Wednesday, April 13, 2005

Saving DeLay: the GOP's "culture of life" in action

The part of me that likes to have dessert before the meal enjoys the prospect of DeLay getting dropped like a bad stink by the House Republicans (a consummation that appears more likely with each passing day). But the other part of me--let's call him the realist--knows there are two important reasons not to give DeLay the quick flush:

First, there's the fact that however inviting a target The Hammer might be--one thing that both Dems and Repubs agree on in this business--the problem is hardly limited to his bad acts, as Talking Points Memo reminds us,

But he isn't a Majority Leader who happens, possibly, also to be corrupt. The GOP Majority in the House is built on his corrupt practices, his money machine. They define its modes of operation and priorities.
Absent DeLay, the game of corruption and abuse of power will go on; it's just that they'll have lost their finest practitioner of the art--their Air Jordan, if you will. It'll take a general House cleaning, not just one ritual sacrifice, to change the status quo.

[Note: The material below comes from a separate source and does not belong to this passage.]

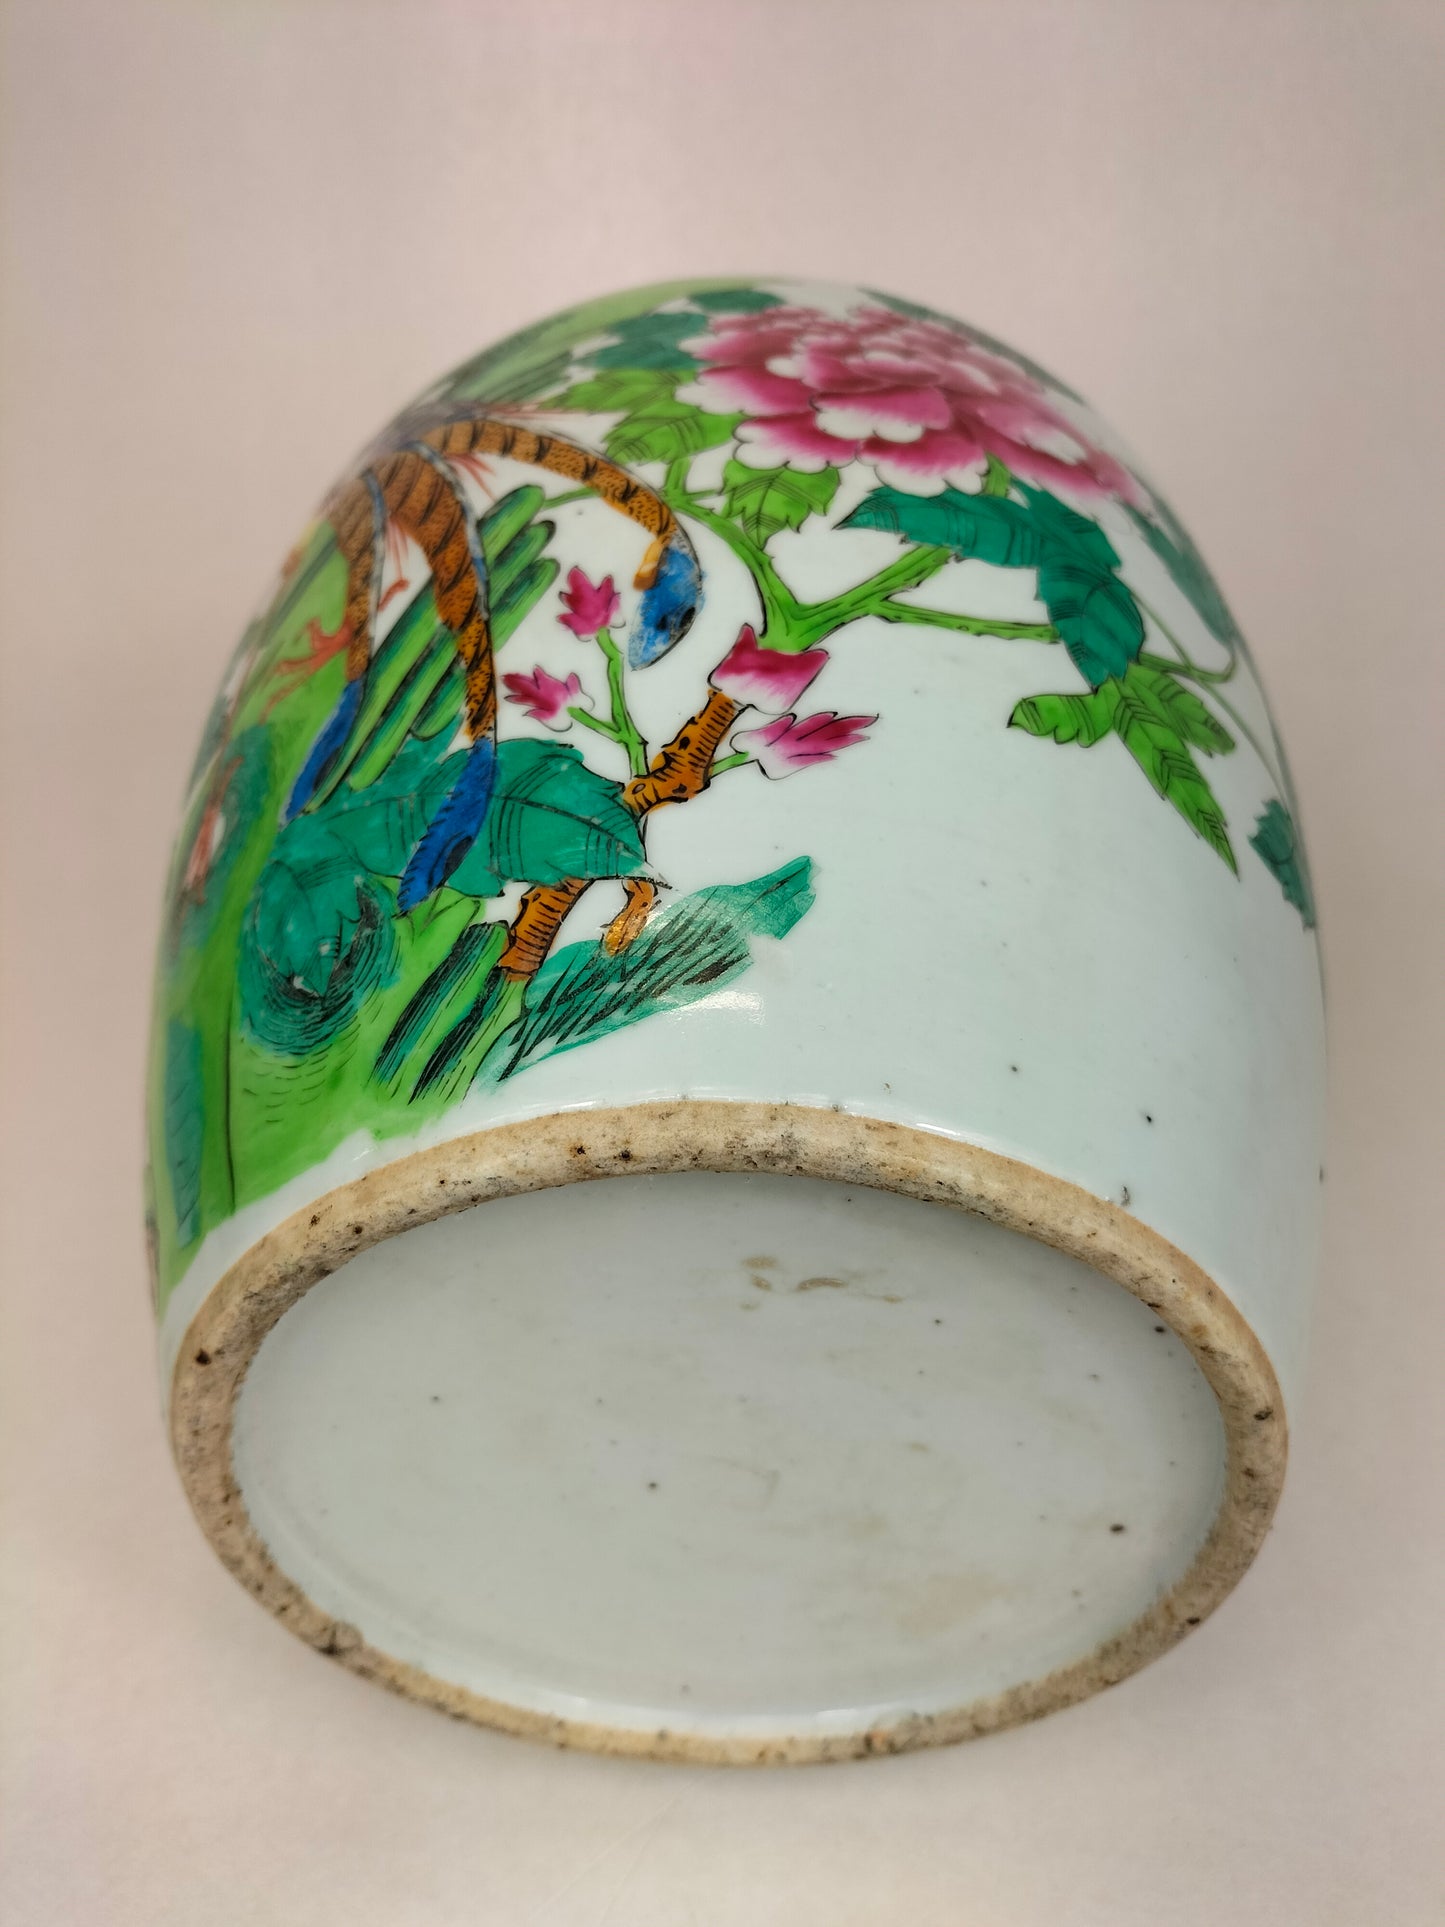 Antique Chinese ginger jar decorated with phoenix and peonies // Republic Period (1912-1949)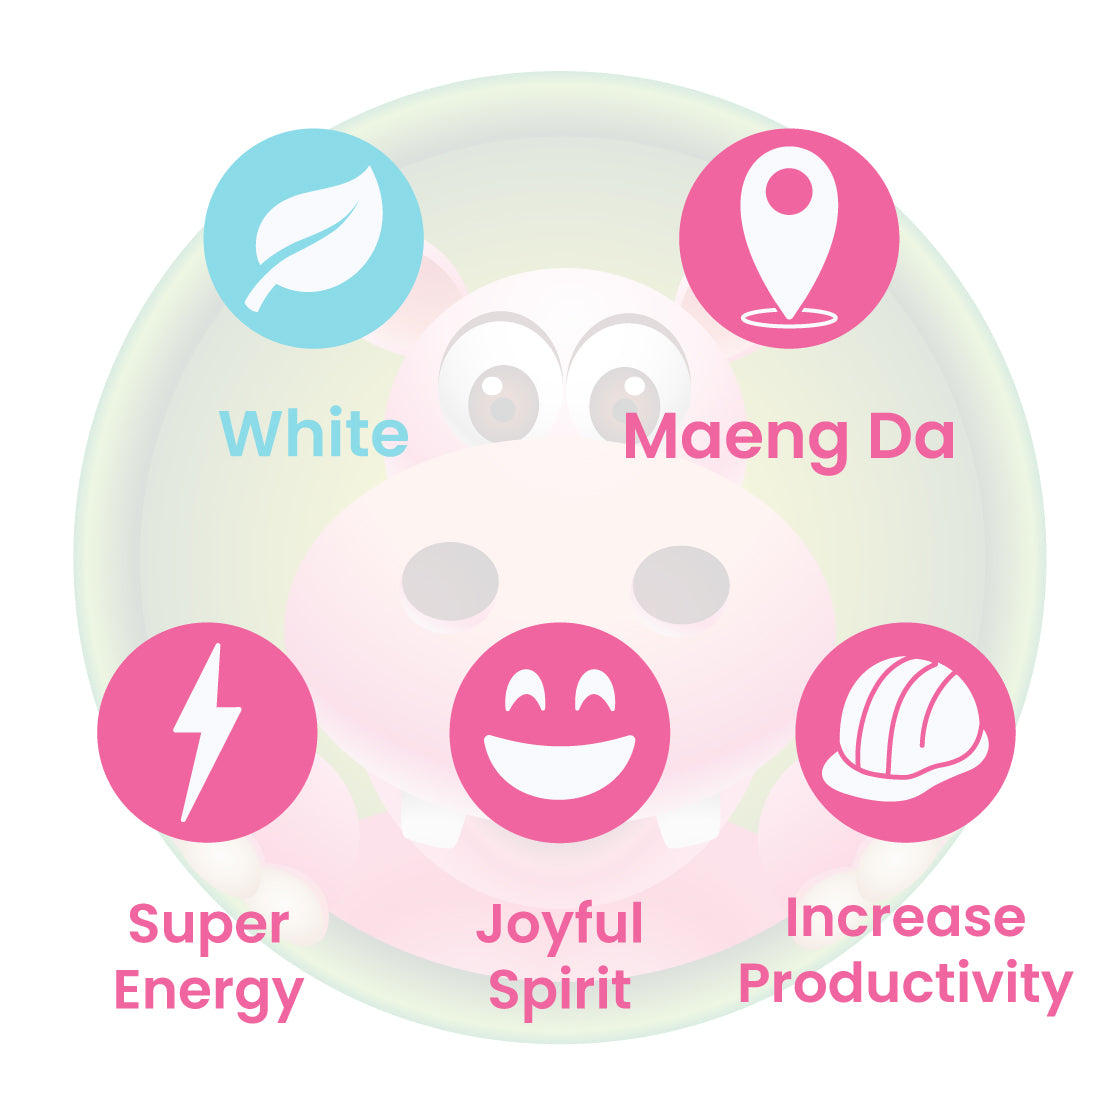 Infographic Details for Happy Hippo White Vein Maeng Da Kratom Powder. Leaf color: White Vein. Kratom Strain Origin: Maeng Da. Kratom Effects resonate with Focus, Workout Boost, and Super Energy.

Which brings us to the second reason not to want this business to end too rapidly: the ongoing problem of the American voter's short attention span. A quick and too-tidy resolution to l'affaire DeLay, plus a couple more judiciously timed changes in the Terror Threat Level, could easily drive whole business off the radar screen by next summer, when every member of the House will stand for re-election.

The Christian Science Monitor has a decent background piece on the gradual fall from the moral high ground by House Repubs in the last decade. Apart from context that's missing from a lot of current coverage that seems to be driven by the GOP talking points (e.g., are the Dems just "playing politics" by preventing the Ethics Committee from convening?), the Monitor piece includes this nicely-worded "Culture of Life" take on the problem by an anonymous Repub:
But in private, some senior leaders are saying it's only a matter of time before the most powerful Republican in Congress is forced from office. "Democrats should save their money. Why murder someone who is committing suicide?" said a senior GOP lawmaker, on condition of anonymity.
With friends like these, does DeLay need enemies? Well, sure, of course he does.